Plaintiff understood the restaurant to have both an indoor and outdoor bar in the patio area. However, the outdoor “Tiki Bar” on the patio was not operating at the time of the negotiations. Plaintiff stated that in the spring of 2015, the seller told him that the outdoor bar was temporarily closed due to a property line dispute with the attorney’s office, located adjacent to the premises. According to plaintiff, this was confirmed by
defendant. Plaintiff believed that the outdoor bar could resume operations once it was properly permitted (see NYSCEF Doc.# 32, Plaintiffs Affidavit in Opposition”
“On September 6, 2015 and September 9, 2015, complaints were filed by the community board regarding plaintiff’s use of the outdoor bar and patio area of the premises. On September 24, 2015, defendant submitted a letter to the Community Board, with an amended application, stating that plaintiff was withdrawing the portion of its application for a liquor license for the patio area. On October 8, 2015, the Community Board withdrew its objections to the liquor license application. On November 9, 2015, liquor license #1287661 was issued to the premises for the indoor areas.”
“As an initial matter, as plaintiff alleged “that the defendant made
misrepresentations of present facts that were collateral to the contract and served as an inducement to enter into the contract, a cause of action alleging fraudulent inducement is not duplicative of a breach of contract cause of action” (Did-it.com, LLC v. Halo Grp., Inc., 174 A.D.3d 682, 102 N.Y.S.3d 687 [2 Dept., 2019], citing Greenberg v. Meyreles,
155 A.D.3d 1001, 66 N.Y.S.3d 297 [2 Dept., 2017]). Here, accepting all the facts alleged in the complaint as true and according plaintiff the benefit of every favorable inference, plaintiff sufficiently plead a cause of action for fraudulent inducement.
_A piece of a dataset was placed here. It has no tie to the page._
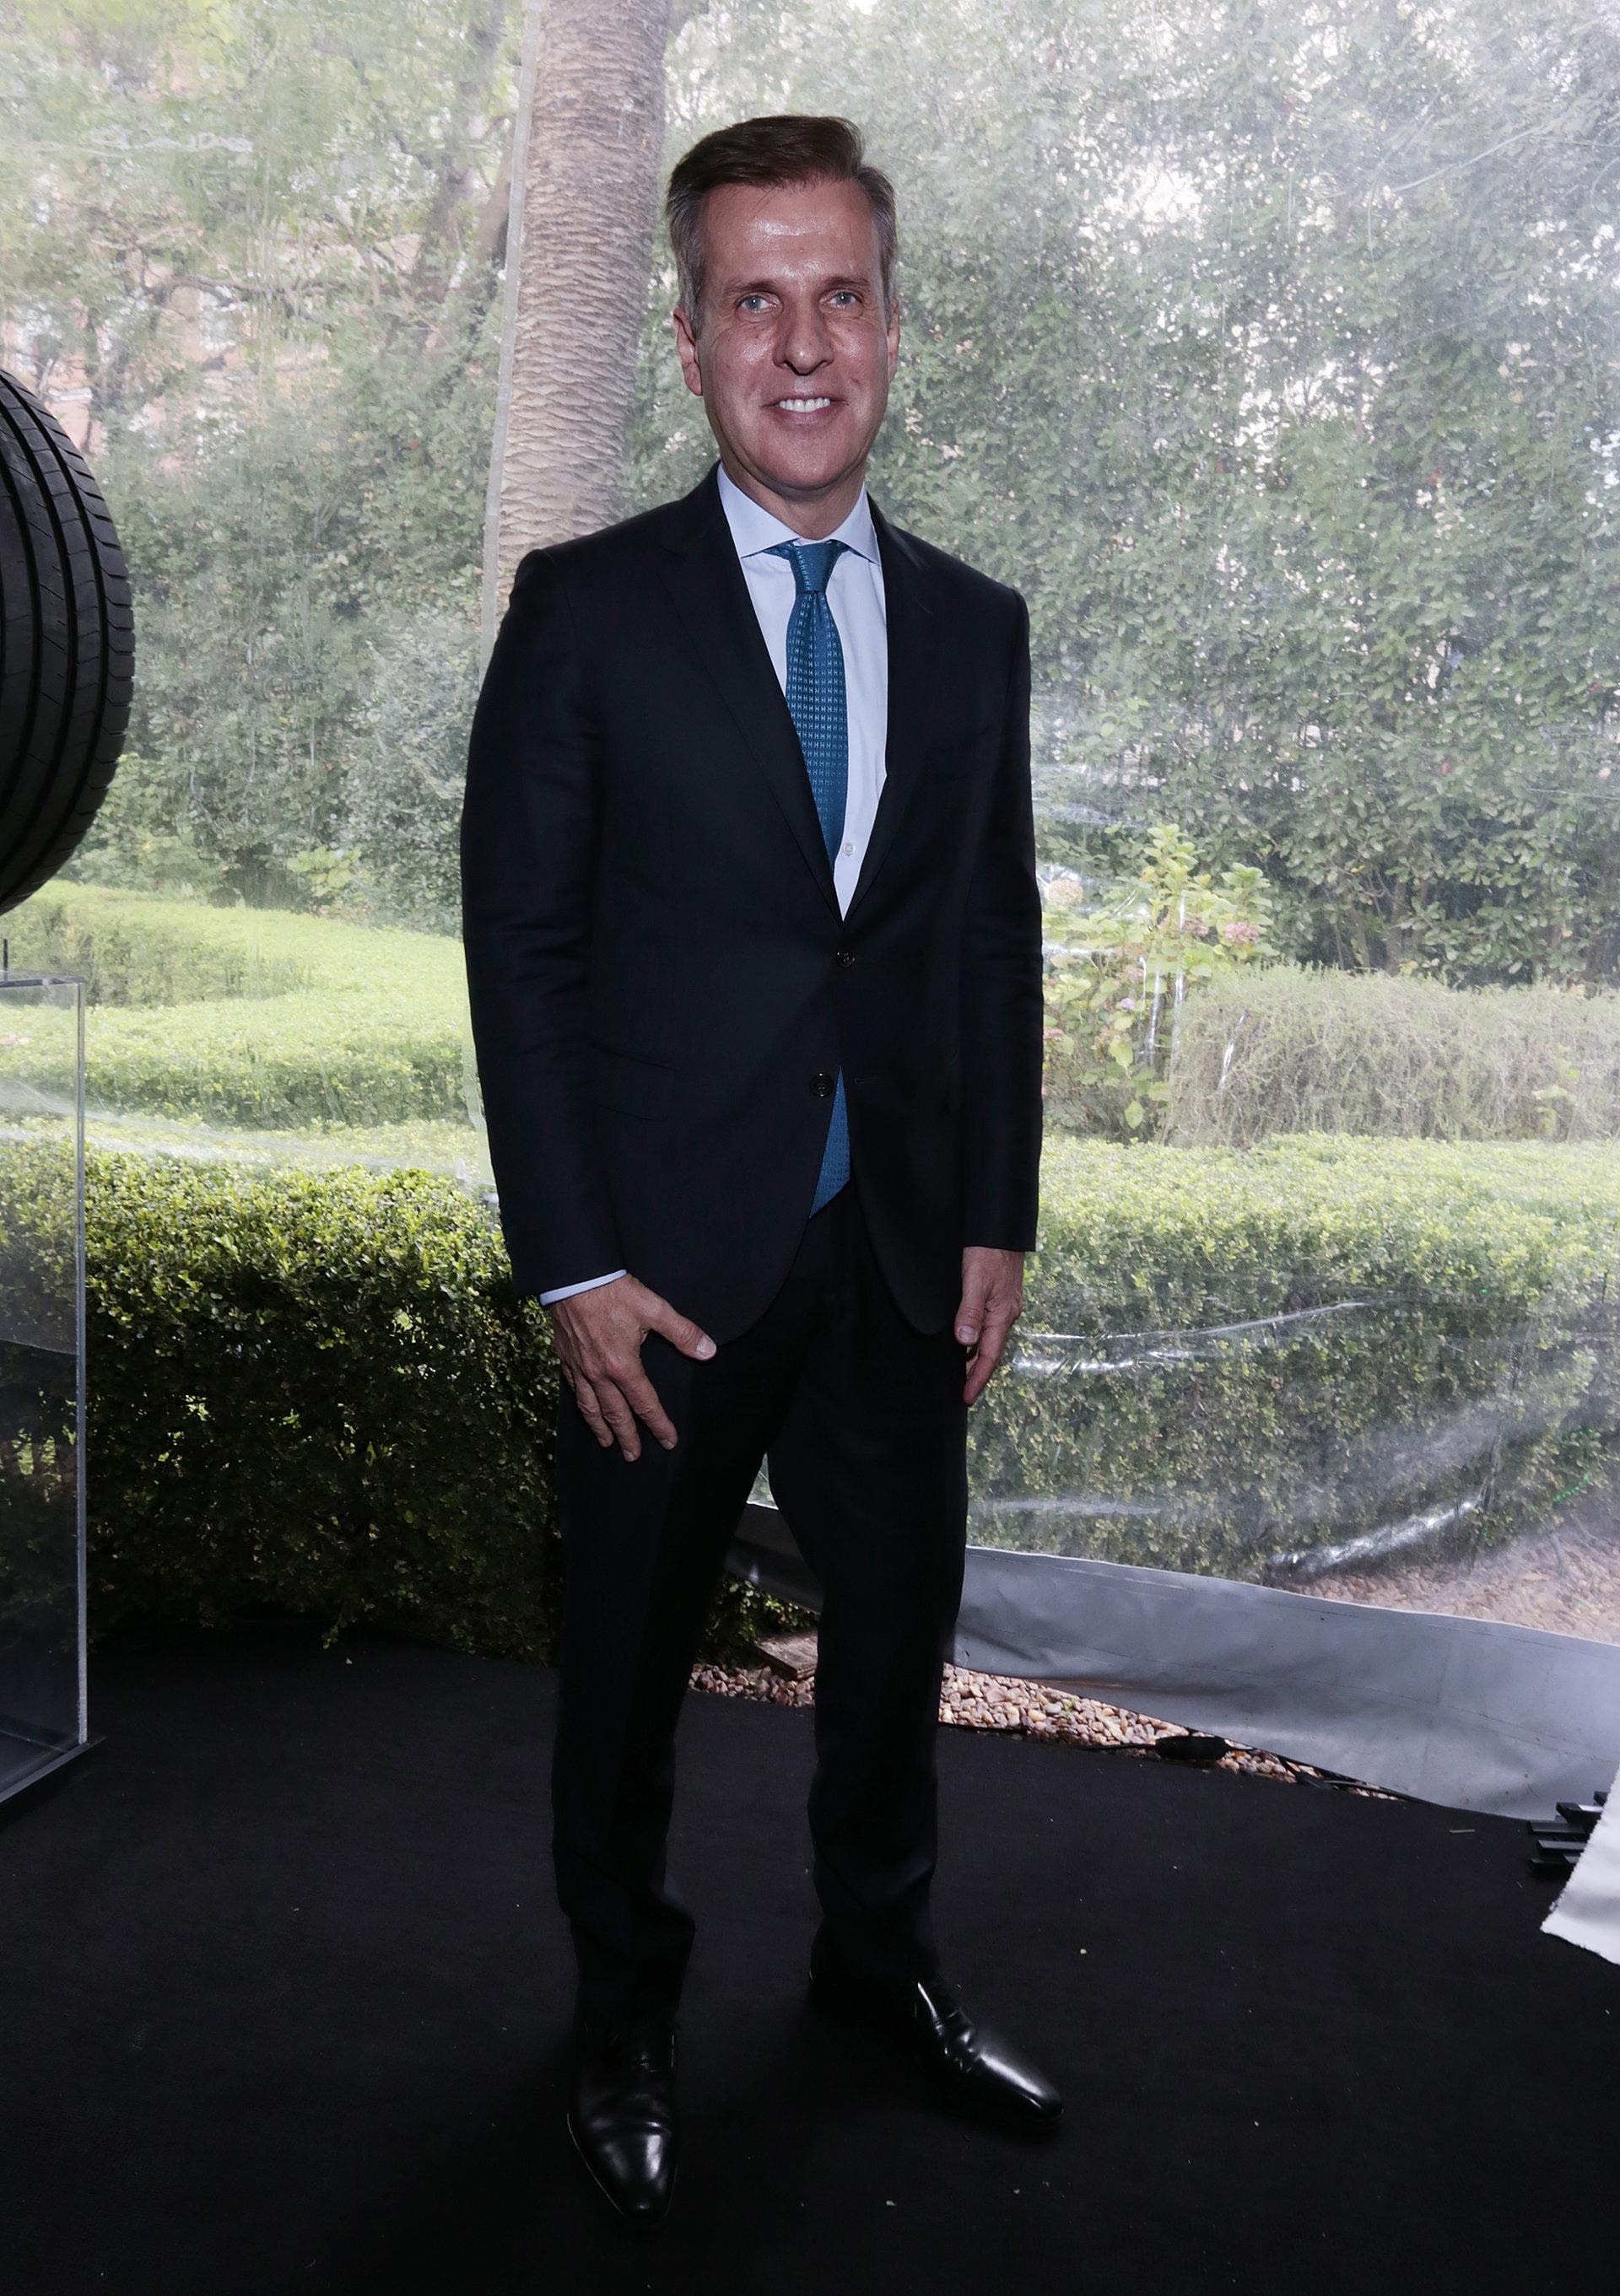 El ex presidente del Banco Central, Martín Redrado

The second amended complaint states that defendant represented that the premises had a liquor license for the patio area and that his prior affiliation would enable defendant to streamline the application process and get plaintiff a liquor license for the patio area. Plaintiff relied on this promise when purchasing and renovating the property. Defendants do not dispute that the premises never had a liquor license for the patio area. In fact, defendant alleges that plaintiff was aware of that fact, based on his testimony in the Richmond County action (see Memorandum of Law in Support at p 2), which was provided herein (see Notice of Motion, Exhibit 14).”
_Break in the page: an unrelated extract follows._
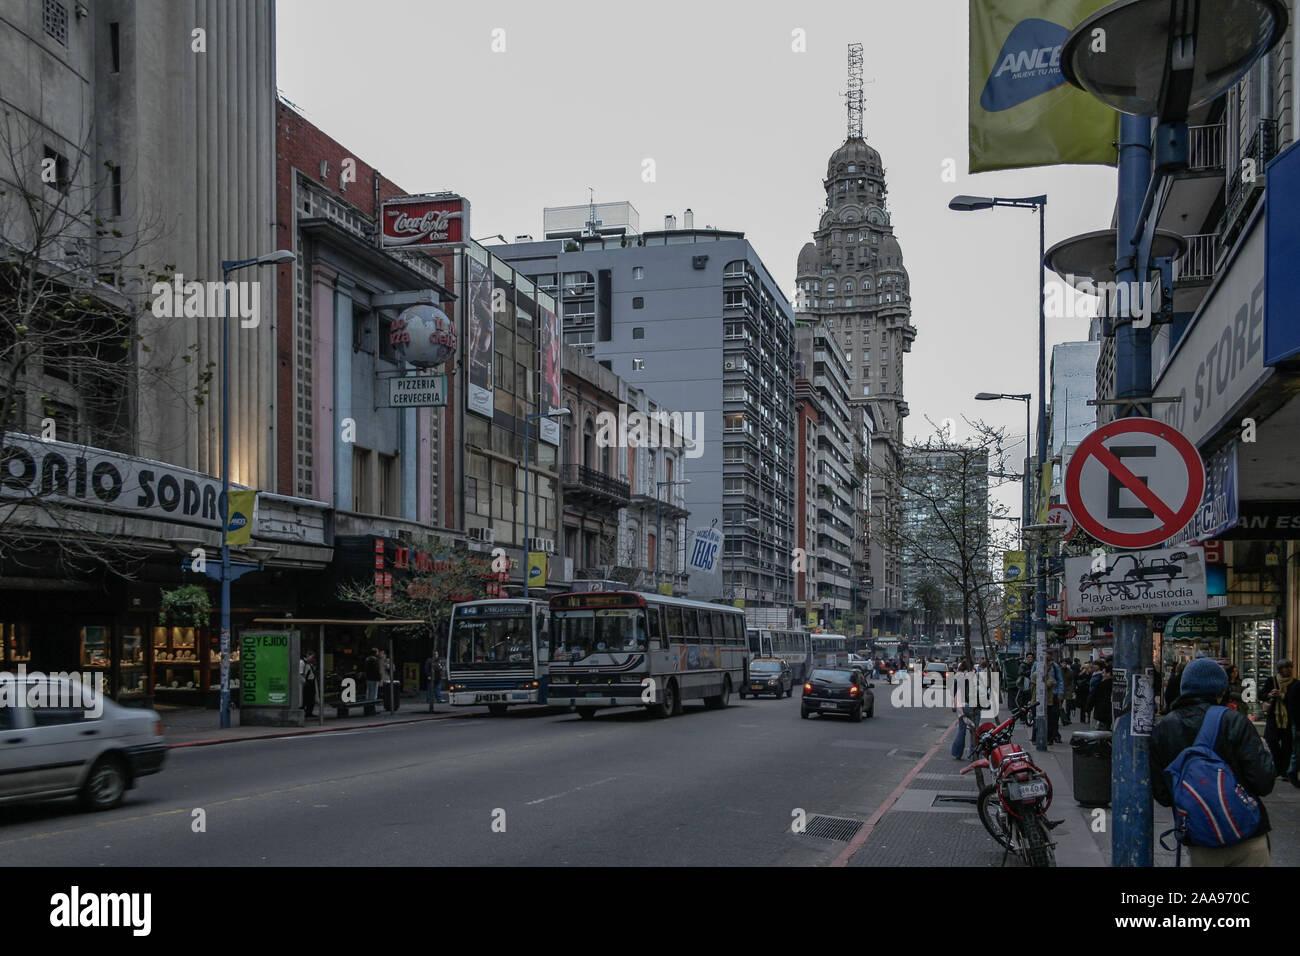 Montevideo, Uruguay. 19 Septembre, 2007. Vue extérieure des bâtiments et situé le long de la rue Av. 18 de Julio (18 de Julio Avenue), vu au cours de jour nuageux dans le quartier Centro/district à Montevideo, Uruguay. Banque D'Images

“Here, plaintiff’s fifth cause of action in the second amended complaint is not plead with specificity. Given the inconsistency in the prior pleadings and the arguments made herein, it is unclear what cause of action plaintiff attempts to state. To the extent that plaintiff’s fifth cause of action alleges legal malpractice or negligent misrepresentation, it is insufficiently plead. It is undisputed that plaintiff retained defendants to procure liquor licenses for the premises. Although plaintiff specifically plead the existence of that
relationship in his third cause of action for breach of fiduciary duty, the fifth cause of action is silent as to the nature of the relationship between plaintiff and defendant. It neither states that a privity-like relationship or an attorney-client relationship existed. It further fails to allege that plaintiff would have been successful in getting a liquor license for the outside patio and would not have incurred financial damages, but for defendant’s negligence. However, to the extent that the fifth cause of action alleges general negligence, affording the complaint liberal construction, plaintiff sufficiently plead the
existence of a duty, breach, causation and damages. Accordingly, that branch of defendant’s motion to dismiss plaintiff’s fifth cause of action for “negligence” is denied. ”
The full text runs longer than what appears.